# NC Slingshot Hunting Information.



## Jacob Smalley (Mar 18, 2014)

This is a repost from my FB.

Original Post: Legality question. I heard that hunting with a slingshot is legal in NC. But when I tried to find info on it I came up empty. I can't even find how the state defines a slingshot.

What about slingbows that are over 35lb draw?

And yes I have emailed the wildlife people. But obviously they are not in at this time of night.

And if it is illegal would I just contact my NC rep (Ronald Rabin) to see of he can get a law passed to legalize it?

Information Post 1:

So I called the wildlife office and they couldn't tell me. They did tell me it was a county issue. And that I would have to talk to the GW of each county, since there is absolutely no info online. So I called Harnett, Wake, Chatham, Lee, and Durham GW's. Got voicemail, left a message.

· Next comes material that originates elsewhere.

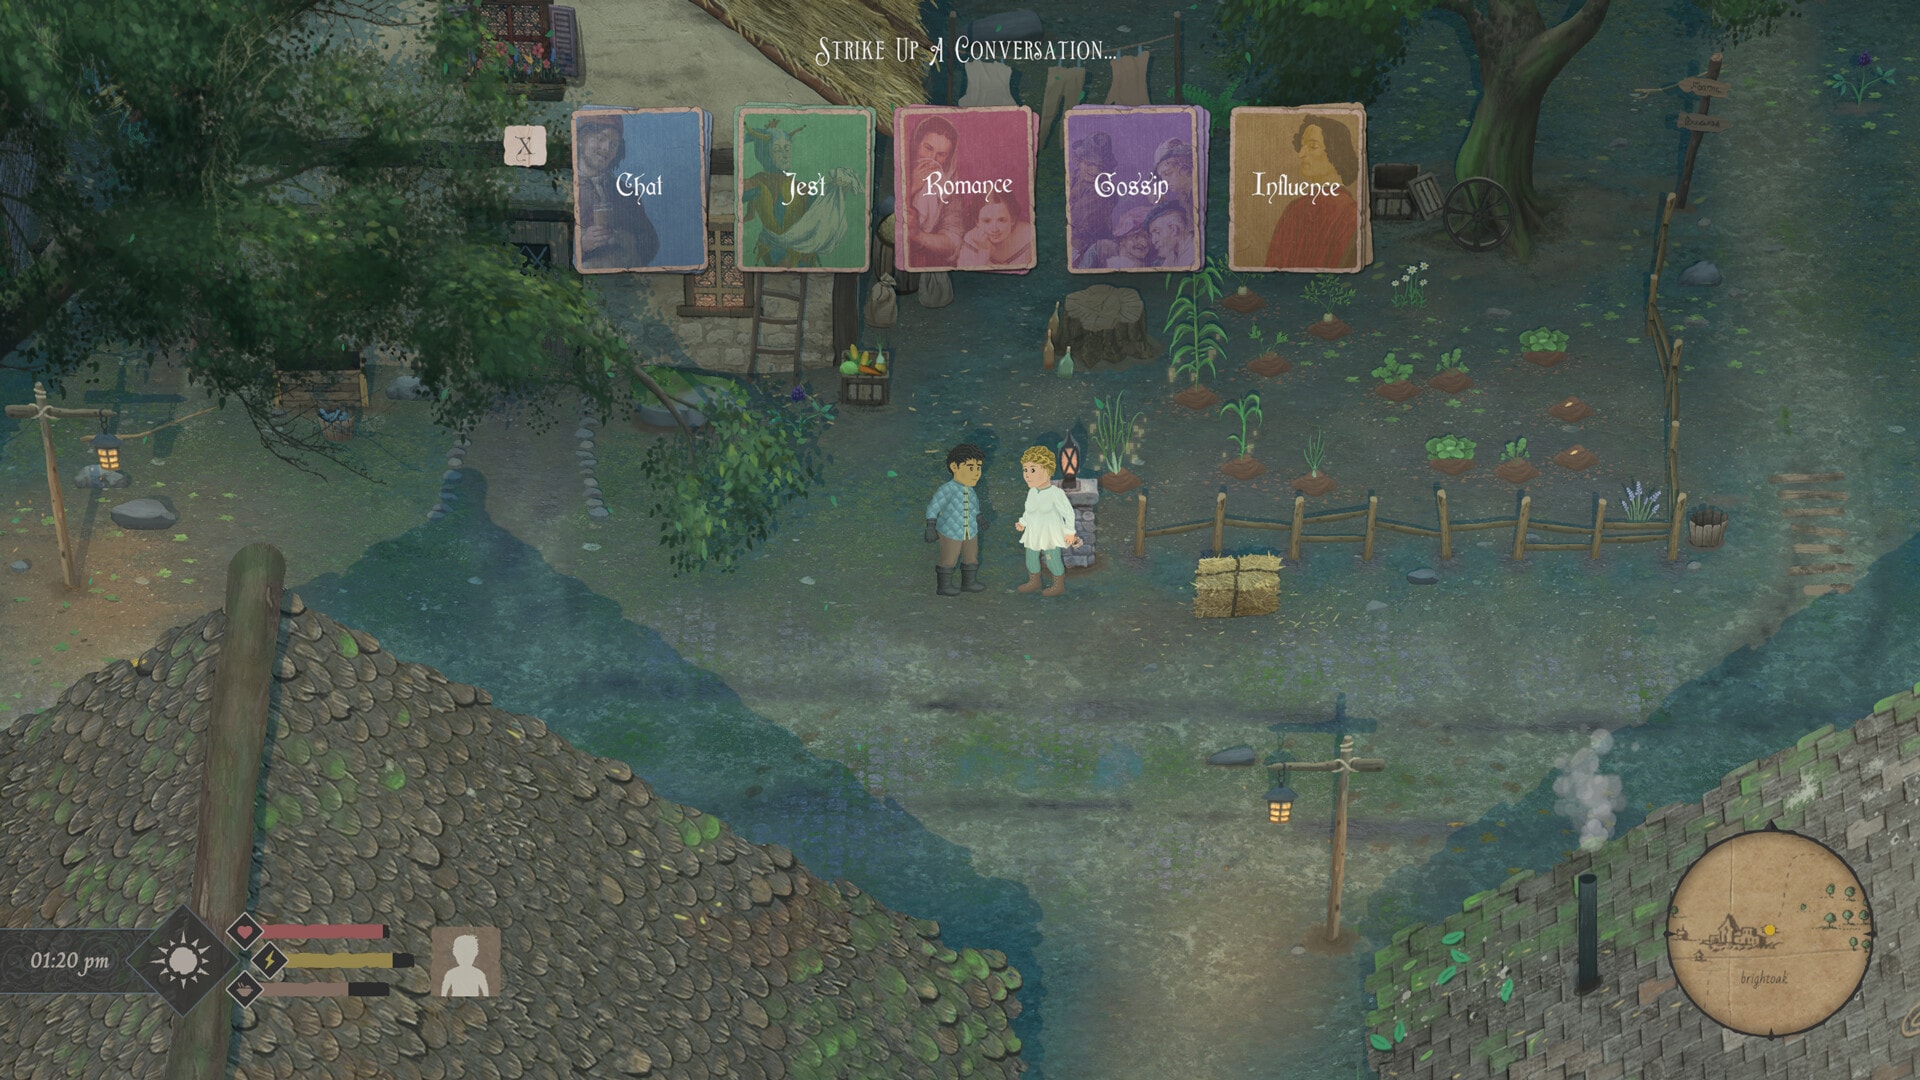 Screenshot from Mistwood of the player character talking with an NPC showing the multiple options for conversation topics: chat, jest, romance, gossip, influence

Praying for positive answers as I love my slingshot.

Information Post 2:

Follow up: I finally got a call back from Brently Ward of Wake Co. and he said he did not have a problem with it. Then I got a call from Ronald Ellington of Harnett Co. and he said that because it does not specifically state slingshots then its not legal. The 2 of them are not in contact to determine what is right and such.

I have always heard that if there is not a law against something then its not illegal. Additionally I have been in contact with Sen. Ronald Rabin to see about getting a law passed that specifically states that slingshots are allowed as well as air rifles, which are perfectly legal. Although some people view them as a gray area. There should be no grey areas and you should be allowed to use primitive weapons such as rabbit sticks as well.

Essentially, the laws are murky at best and really need cleaned up and made as free as possible.

Final Post:
Heard back from the Wake Co. game warden. The final word is that it is not allowed because its not specifically cited as a method of take. He did however alert me to a wildlife hearing on rule changes. Its a public hearing where people are allowed to suggest laws. Harnett Co. is in district 4. I am going to use that avenue as well as going through my NC senator (Sen. Ronald Rabin) to have the law changed as well. I am going to try and include slingshots and slingbows (slingbow for both large and small game). Additionally while air rifles are allowed they are not explicitly written, which I am hoping to get put on the books as well.

---------------------------------------------------------------------

I am trying to locate a date, location and time for the 2015 meetings. I will have to call them about it. Additionally I will keep this updated on my fight to get slingshot hunting in NC legalized.


----------



## Adirondack Kyle (Aug 20, 2012)

Keep up the fight bro, Nathans down in Nc, you should shoot him a message and let him know your ambitions, he may be interested in helping in some way, (just a suggestion)
I think the fact that he runs a hell of a slingshot business , and it's in Nc
And you have plenty of pics of cleanly taken game in the hunting section


----------



## Jacob Smalley (Mar 18, 2014)

I didn't know the guy that makes FlippinOut is here. So is Montie Gear. I will contact them both. I am going to submit ballistics as well. As well as other states laws.


----------